TASK ITEM
Since only part of the material below is wanted, output exactly the lines from the one with "Zegna Open-knit Cotton, Linen, Silk" up to and including the one with "An icon or badge".

THE DATA
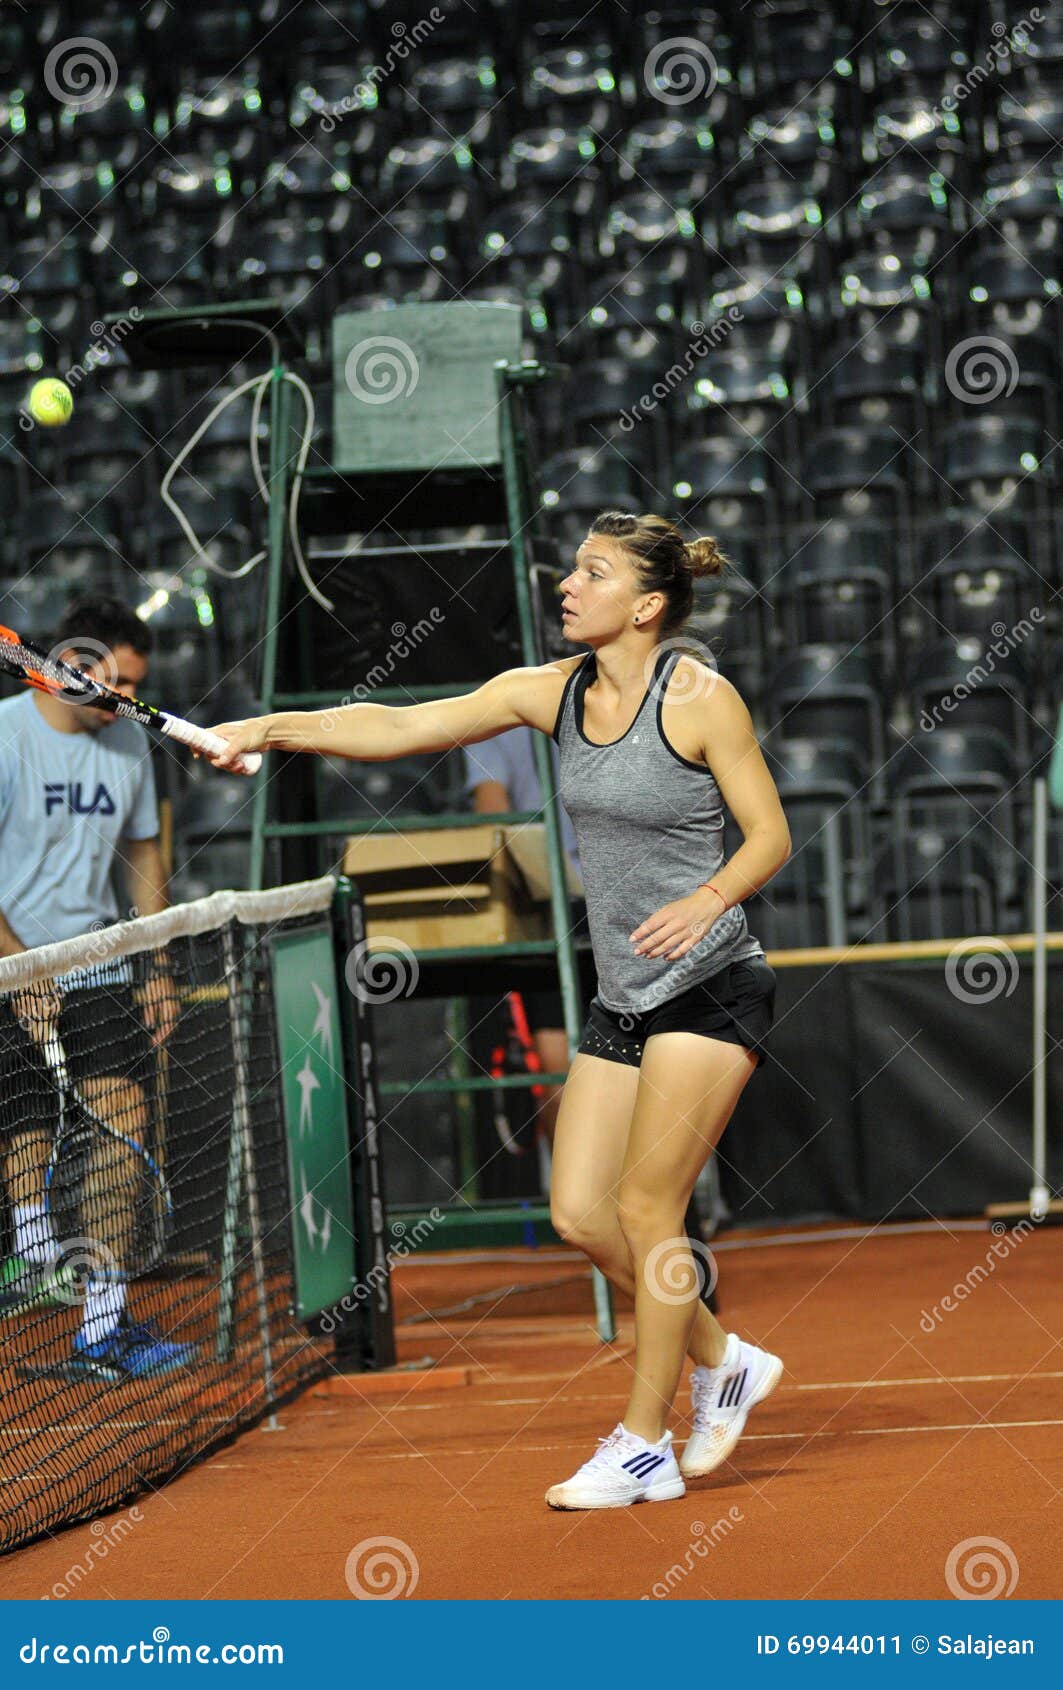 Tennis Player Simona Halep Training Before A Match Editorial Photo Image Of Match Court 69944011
==
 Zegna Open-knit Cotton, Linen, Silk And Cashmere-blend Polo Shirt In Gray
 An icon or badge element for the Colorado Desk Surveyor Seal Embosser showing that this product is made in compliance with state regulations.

EXERCISE RESPONSE
 Zegna Open-knit Cotton, Linen, Silk And Cashmere-blend Polo Shirt In Gray
 An icon or badge element for the Colorado Desk Surveyor Seal Embosser showing that this product is made in compliance with state regulations.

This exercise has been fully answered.